*Exercise materials:*
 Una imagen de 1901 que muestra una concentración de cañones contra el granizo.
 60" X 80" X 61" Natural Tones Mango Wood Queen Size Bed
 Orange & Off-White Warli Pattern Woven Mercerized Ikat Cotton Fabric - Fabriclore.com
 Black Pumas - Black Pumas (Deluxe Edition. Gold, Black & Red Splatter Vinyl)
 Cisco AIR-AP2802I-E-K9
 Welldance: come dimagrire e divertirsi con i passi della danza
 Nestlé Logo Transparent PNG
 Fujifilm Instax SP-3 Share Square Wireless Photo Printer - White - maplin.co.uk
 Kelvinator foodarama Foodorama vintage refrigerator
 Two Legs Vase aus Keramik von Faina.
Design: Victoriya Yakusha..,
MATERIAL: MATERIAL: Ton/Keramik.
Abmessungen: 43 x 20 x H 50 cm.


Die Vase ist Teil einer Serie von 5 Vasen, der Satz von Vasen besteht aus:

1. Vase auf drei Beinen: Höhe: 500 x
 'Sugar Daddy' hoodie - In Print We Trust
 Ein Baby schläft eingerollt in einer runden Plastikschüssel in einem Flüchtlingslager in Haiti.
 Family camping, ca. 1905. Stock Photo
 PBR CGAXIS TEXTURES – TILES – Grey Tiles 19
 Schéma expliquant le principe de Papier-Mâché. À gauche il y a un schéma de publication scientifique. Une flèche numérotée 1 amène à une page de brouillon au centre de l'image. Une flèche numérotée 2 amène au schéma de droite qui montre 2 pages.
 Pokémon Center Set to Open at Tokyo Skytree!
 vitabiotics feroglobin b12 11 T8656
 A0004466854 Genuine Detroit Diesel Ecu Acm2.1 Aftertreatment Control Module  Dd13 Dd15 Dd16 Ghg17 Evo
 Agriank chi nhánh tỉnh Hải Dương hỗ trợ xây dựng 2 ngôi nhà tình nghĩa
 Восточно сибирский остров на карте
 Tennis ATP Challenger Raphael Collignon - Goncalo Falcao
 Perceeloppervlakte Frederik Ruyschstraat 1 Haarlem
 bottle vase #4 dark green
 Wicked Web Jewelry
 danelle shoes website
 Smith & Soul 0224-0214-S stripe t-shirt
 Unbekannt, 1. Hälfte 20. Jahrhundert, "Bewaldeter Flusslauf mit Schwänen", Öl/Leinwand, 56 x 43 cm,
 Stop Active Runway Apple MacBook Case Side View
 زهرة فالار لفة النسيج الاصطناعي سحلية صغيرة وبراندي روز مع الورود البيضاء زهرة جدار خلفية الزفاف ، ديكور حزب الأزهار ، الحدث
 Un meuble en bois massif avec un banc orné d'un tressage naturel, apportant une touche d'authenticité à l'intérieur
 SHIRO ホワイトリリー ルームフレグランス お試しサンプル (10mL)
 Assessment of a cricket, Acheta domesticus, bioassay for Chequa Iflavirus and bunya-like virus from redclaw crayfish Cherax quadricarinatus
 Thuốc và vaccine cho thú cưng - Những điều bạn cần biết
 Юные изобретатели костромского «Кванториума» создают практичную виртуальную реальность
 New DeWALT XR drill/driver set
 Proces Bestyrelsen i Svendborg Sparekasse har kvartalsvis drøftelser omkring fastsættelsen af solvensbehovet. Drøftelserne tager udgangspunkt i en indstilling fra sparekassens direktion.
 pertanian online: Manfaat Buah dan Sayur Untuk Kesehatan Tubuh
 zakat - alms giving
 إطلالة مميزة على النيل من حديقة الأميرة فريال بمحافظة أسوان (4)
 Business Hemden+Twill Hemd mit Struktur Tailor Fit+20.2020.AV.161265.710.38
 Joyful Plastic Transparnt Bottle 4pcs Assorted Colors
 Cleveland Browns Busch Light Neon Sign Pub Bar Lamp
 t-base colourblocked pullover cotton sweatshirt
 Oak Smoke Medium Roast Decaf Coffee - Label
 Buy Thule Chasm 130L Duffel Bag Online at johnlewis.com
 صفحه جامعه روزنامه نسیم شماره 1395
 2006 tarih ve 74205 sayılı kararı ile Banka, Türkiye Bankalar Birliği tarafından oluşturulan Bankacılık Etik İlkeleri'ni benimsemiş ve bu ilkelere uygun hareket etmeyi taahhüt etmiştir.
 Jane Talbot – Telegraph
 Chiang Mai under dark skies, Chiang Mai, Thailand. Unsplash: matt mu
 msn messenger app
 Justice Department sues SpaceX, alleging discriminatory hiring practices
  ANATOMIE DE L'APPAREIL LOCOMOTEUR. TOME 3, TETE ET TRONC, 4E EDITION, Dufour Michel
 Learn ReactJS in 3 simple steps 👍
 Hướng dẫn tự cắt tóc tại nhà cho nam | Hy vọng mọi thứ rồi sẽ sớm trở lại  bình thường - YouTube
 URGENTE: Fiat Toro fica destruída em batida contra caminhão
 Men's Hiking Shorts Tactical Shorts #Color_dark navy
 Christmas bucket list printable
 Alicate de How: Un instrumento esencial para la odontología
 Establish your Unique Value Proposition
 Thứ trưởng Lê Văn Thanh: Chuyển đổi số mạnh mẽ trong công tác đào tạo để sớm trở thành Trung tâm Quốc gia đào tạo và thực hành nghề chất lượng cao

*Action item:* Please output the full listing one more time, exactly.

*Response area:*
 Una imagen de 1901 que muestra una concentración de cañones contra el granizo.
 60" X 80" X 61" Natural Tones Mango Wood Queen Size Bed
 Orange & Off-White Warli Pattern Woven Mercerized Ikat Cotton Fabric - Fabriclore.com
 Black Pumas - Black Pumas (Deluxe Edition. Gold, Black & Red Splatter Vinyl)
 Cisco AIR-AP2802I-E-K9
 Welldance: come dimagrire e divertirsi con i passi della danza
 Nestlé Logo Transparent PNG
 Fujifilm Instax SP-3 Share Square Wireless Photo Printer - White - maplin.co.uk
 Kelvinator foodarama Foodorama vintage refrigerator
 Two Legs Vase aus Keramik von Faina.
Design: Victoriya Yakusha..,
MATERIAL: MATERIAL: Ton/Keramik.
Abmessungen: 43 x 20 x H 50 cm.


Die Vase ist Teil einer Serie von 5 Vasen, der Satz von Vasen besteht aus:

1. Vase auf drei Beinen: Höhe: 500 x
 'Sugar Daddy' hoodie - In Print We Trust
 Ein Baby schläft eingerollt in einer runden Plastikschüssel in einem Flüchtlingslager in Haiti.
 Family camping, ca. 1905. Stock Photo
 PBR CGAXIS TEXTURES – TILES – Grey Tiles 19
 Schéma expliquant le principe de Papier-Mâché. À gauche il y a un schéma de publication scientifique. Une flèche numérotée 1 amène à une page de brouillon au centre de l'image. Une flèche numérotée 2 amène au schéma de droite qui montre 2 pages.
 Pokémon Center Set to Open at Tokyo Skytree!
 vitabiotics feroglobin b12 11 T8656
 A0004466854 Genuine Detroit Diesel Ecu Acm2.1 Aftertreatment Control Module  Dd13 Dd15 Dd16 Ghg17 Evo
 Agriank chi nhánh tỉnh Hải Dương hỗ trợ xây dựng 2 ngôi nhà tình nghĩa
 Восточно сибирский остров на карте
 Tennis ATP Challenger Raphael Collignon - Goncalo Falcao
 Perceeloppervlakte Frederik Ruyschstraat 1 Haarlem
 bottle vase #4 dark green
 Wicked Web Jewelry
 danelle shoes website
 Smith & Soul 0224-0214-S stripe t-shirt
 Unbekannt, 1. Hälfte 20. Jahrhundert, "Bewaldeter Flusslauf mit Schwänen", Öl/Leinwand, 56 x 43 cm,
 Stop Active Runway Apple MacBook Case Side View
 زهرة فالار لفة النسيج الاصطناعي سحلية صغيرة وبراندي روز مع الورود البيضاء زهرة جدار خلفية الزفاف ، ديكور حزب الأزهار ، الحدث
 Un meuble en bois massif avec un banc orné d'un tressage naturel, apportant une touche d'authenticité à l'intérieur
 SHIRO ホワイトリリー ルームフレグランス お試しサンプル (10mL)
 Assessment of a cricket, Acheta domesticus, bioassay for Chequa Iflavirus and bunya-like virus from redclaw crayfish Cherax quadricarinatus
 Thuốc và vaccine cho thú cưng - Những điều bạn cần biết
 Юные изобретатели костромского «Кванториума» создают практичную виртуальную реальность
 New DeWALT XR drill/driver set
 Proces Bestyrelsen i Svendborg Sparekasse har kvartalsvis drøftelser omkring fastsættelsen af solvensbehovet. Drøftelserne tager udgangspunkt i en indstilling fra sparekassens direktion.
 pertanian online: Manfaat Buah dan Sayur Untuk Kesehatan Tubuh
 zakat - alms giving
 إطلالة مميزة على النيل من حديقة الأميرة فريال بمحافظة أسوان (4)
 Business Hemden+Twill Hemd mit Struktur Tailor Fit+20.2020.AV.161265.710.38
 Joyful Plastic Transparnt Bottle 4pcs Assorted Colors
 Cleveland Browns Busch Light Neon Sign Pub Bar Lamp
 t-base colourblocked pullover cotton sweatshirt
 Oak Smoke Medium Roast Decaf Coffee - Label
 Buy Thule Chasm 130L Duffel Bag Online at johnlewis.com
 صفحه جامعه روزنامه نسیم شماره 1395
 2006 tarih ve 74205 sayılı kararı ile Banka, Türkiye Bankalar Birliği tarafından oluşturulan Bankacılık Etik İlkeleri'ni benimsemiş ve bu ilkelere uygun hareket etmeyi taahhüt etmiştir.
 Jane Talbot – Telegraph
 Chiang Mai under dark skies, Chiang Mai, Thailand. Unsplash: matt mu
 msn messenger app
 Justice Department sues SpaceX, alleging discriminatory hiring practices
  ANATOMIE DE L'APPAREIL LOCOMOTEUR. TOME 3, TETE ET TRONC, 4E EDITION, Dufour Michel
 Learn ReactJS in 3 simple steps 👍
 Hướng dẫn tự cắt tóc tại nhà cho nam | Hy vọng mọi thứ rồi sẽ sớm trở lại  bình thường - YouTube
 URGENTE: Fiat Toro fica destruída em batida contra caminhão
 Men's Hiking Shorts Tactical Shorts #Color_dark navy
 Christmas bucket list printable
 Alicate de How: Un instrumento esencial para la odontología
 Establish your Unique Value Proposition
 Thứ trưởng Lê Văn Thanh: Chuyển đổi số mạnh mẽ trong công tác đào tạo để sớm trở thành Trung tâm Quốc gia đào tạo và thực hành nghề chất lượng cao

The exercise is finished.